И вот, то ли повинуясь требованиям воинов, то ли из-за уже ощущаемой собственной усталости и беспокойства об оставленных позади завоеванных землях, Александр решает повернуть назад. К этому времени первоначальные мысли и цели, с которыми он начинал свой великий поход, так же как и он сам, стали несколько иными. Постепенно, как пишет об этом Плутарх, война превратилась для него в настоящую охоту на людей (так, перебив племя коссеев, царь назвал это «заупокойной жертвой в честь Гефестиона», своего друга), а сам Александр все больше уподоблялся тем самым восточным владыкам, господство которых он ниспроверг. Это вызывало все большее недовольство окружавших его македонян. Гетайры упрекали его в том, что, окружив себя знатными персами и прочими варварами, царь пренебрегает отеческими обычаями и уже относится к соотечественникам не как «первый среди равных», но как не терпящий ни малейших возражений восточный деспот. И действительно, покорив всю Переднюю Азию, взяв осадой Тир и захватив Египет, Александр обосновался в Вавилоне, окруженный роскошью и почестями, которые раньше воздавались лишь богам.
Покончив с походами, он с той же страстью отдавался теперь преобразованию и усовершенствованию своих владений, приказав очистить древнюю сеть оросительных каналов в Вавилоне и приступив к строительству нового города в Египте — Александрии. Словно желая загладить свою вину перед греками за разрушение Фив, он принимает решение заново отстроить храмы Эллады, предназначив на это десять тысяч талантов. Одновременно выносится постановление о том, что «власть тиранов должна быть повсюду уничтожена и все государства становятся свободными и независимыми». Однако, не считая сторонников союза с Македонией из среды богатых граждан Афин, Коринфа, Мегар и Платей, милости великого завоевателя встречали угрюмое равнодушие греков, хотя лишь очень и очень немногие осмеливались открыто выражать свою враждебность и желание восстановить былую свободу. Щедроты Александра вызывали затаенное раздражение у бывших свободных граждан и особенно у приверженцев того самого народовластия, благодаря которому, как писал бессмертный Эсхил, их славные прадеды остановили волну восточного варварства. Теперь же это варварство снова устремилось на них вместе с потоком награбленного в походах азиатского золота: восток все больше вторгался, просачивался, проникал в каждодневную жизнь греков — с его богами, представлениями, мелодиями, именами, вещами, обычаями и легендами, но в отличие от марафонских или же саламинских бойцов они были не в силах противостоять этому бескровному и неостановимому наступлению. И хотя, как говорил об этом один из античных писателей, в этом огромном, доселе невиданном царстве богоподобного Александра, «как в кубке любви, все элементы народной жизни перемешались между собой и народы пили вместе из этого кубка и забывали о старой вражде и собственном бессилии», многим из греков, и прежде всего афинянам, содержимое этого кубка казалось горше полыни.
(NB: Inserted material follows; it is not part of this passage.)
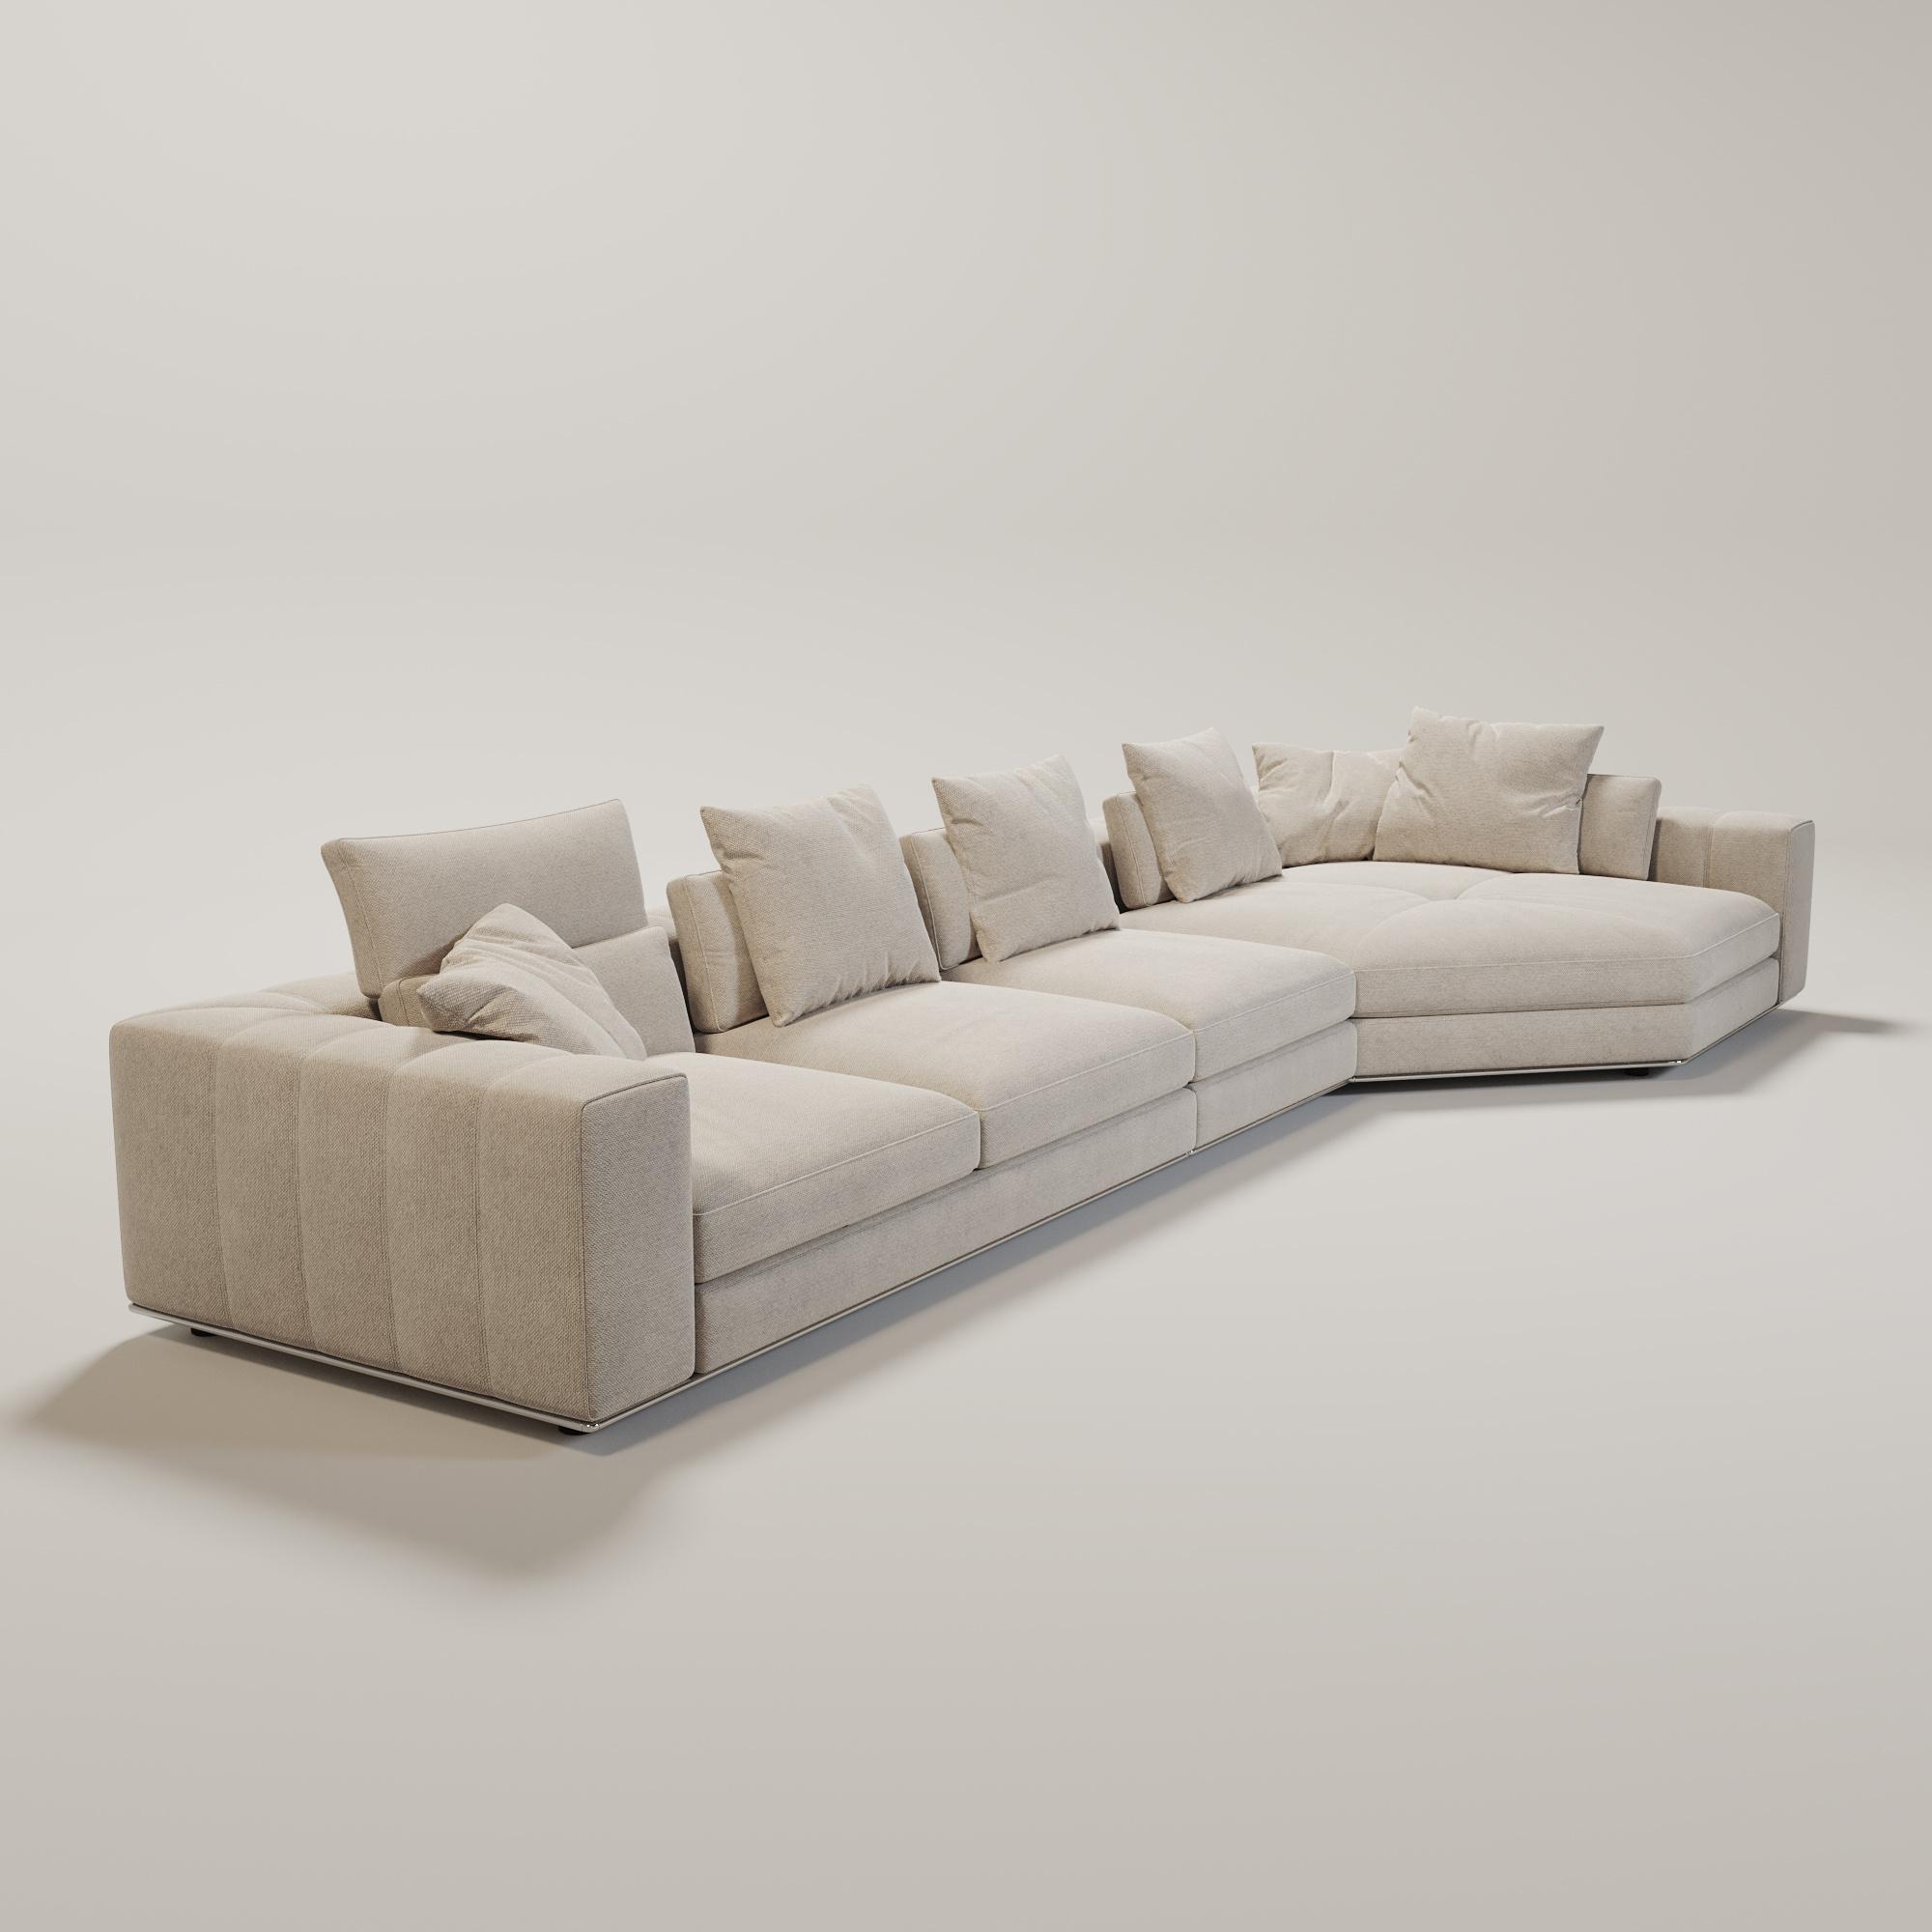 VENICE  Sofa Beige Canvas weave fabric-1

Издревле гордящиеся своей культурой, научившиеся возноситься дерзкой мыслью к крайним пределам Вселенной, искушенные во всех философских учениях, афиняне с горьким бессилием воспринимали гегемонию македонян, недоумевая, как же это все-таки могло получиться, что их город, слывший еще недавно Оком Эллады, оказался теперь в столь жалком положении. И тем, кто не мог с этим смириться, оставалось лишь одно — уходить в призрачный и в то же время непреходящий мир отвлеченного умствования, философских абстракций и математических формул. Этот мир был неподвластен новым хозяевам Ойкумены, в большинстве своем даже не имевшим понятия о его существовании. Завоевателям не было дела до таких, как сын самосского клеруха Эпикур, с трепетным благоговением вступавший в эти годы в вечный град мудрецов и искателей истины, как не было дела и до них тринадцатилетнему мальчику, который начинает к этому времени свой поиск учителей, и первым из них оказывается живший тут же на Самосе платоник Памфил. Неизвестно, как долго «слушал платоника Памфила» Эпикур (возможно, еще слишком юный для того, чтобы оценить по достоинству грандиозную красоту Платонова мира идей), но можно с полной определенностью утверждать, что построения великого идеалиста не оказали сколько-нибудь заметного влияния на его собственное понимание мира, а может быть, даже способствовали укреплению отрицательного отношения Эпикура ко всему потустороннему и трансцендентному.